Commander Willard turned slightly in his chair to point at the ship’s schematics currently displayed on the large view screen on the forward bulkhead of the captain’s ready room. “Lieutenant Commander Kamenetskiy thinks he can permanently seal off the middle baffle in the damaged propellant tank, then remove the damaged forward half and use parts of it for hull repairs.”
“How hard will it be to pull those sections out?”

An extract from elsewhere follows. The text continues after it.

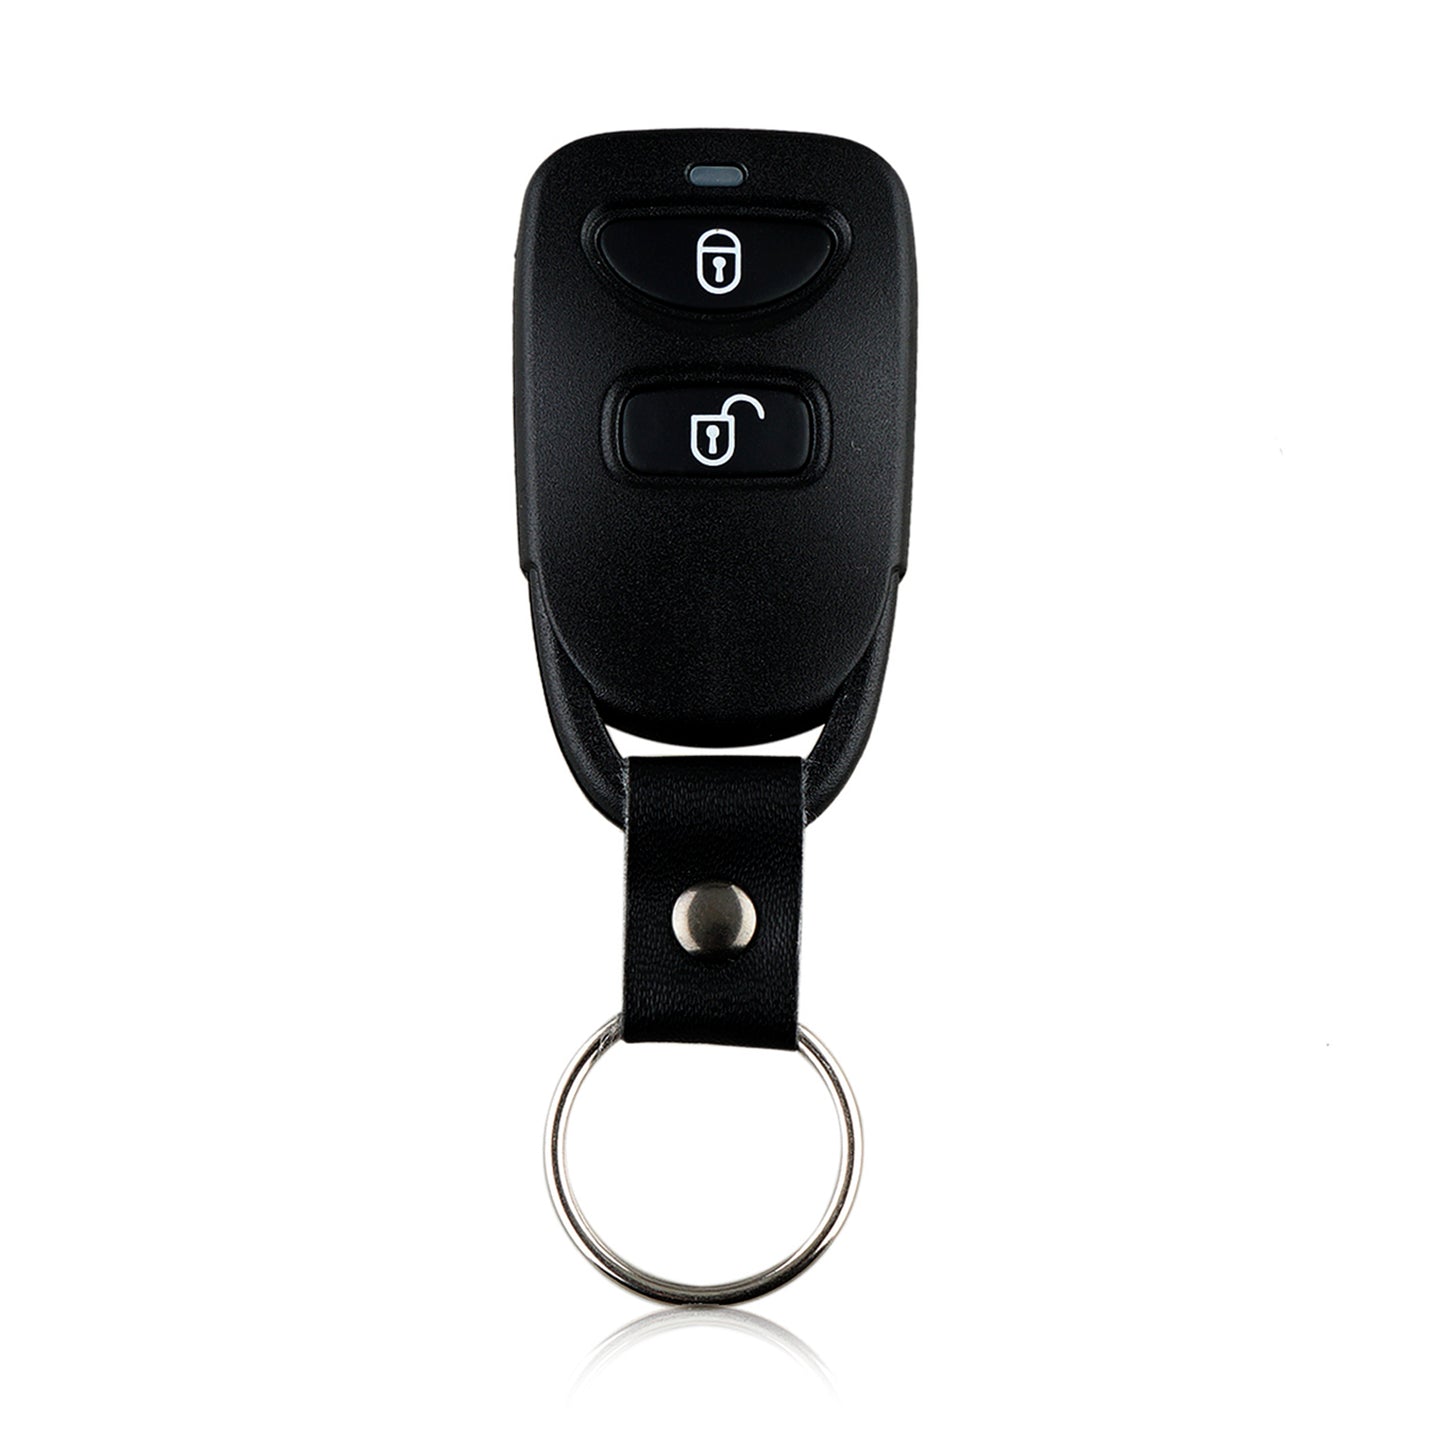 3 Buttons 315MHz Keyless Entry Fob Remote Car Key For 2006 - 2008 Hyundai Accent FCC ID: PLNHM-T002 SKU : J923

“He says it can be done without a shipyard. It’s not a proper repair, but it will give us back that depressurized section again. That will make internal repairs easier in that area.”
Nathan looked at the schematics for a moment. “What percentage of our total propellant did we use in the Centauri engagement?” he wondered.
The XO tapped some buttons on his data pad, then turned back to his captain. “Less than twenty percent.”
“And in the original liberation of Earth?”
“Thirty-seven percent,” the commander answered after tapping a few more buttons. “However, we were operating at higher speeds during those battles. To be honest, Captain, we’ve not used more than half of our total propellant in a single engagement since we first liberated Tanna.”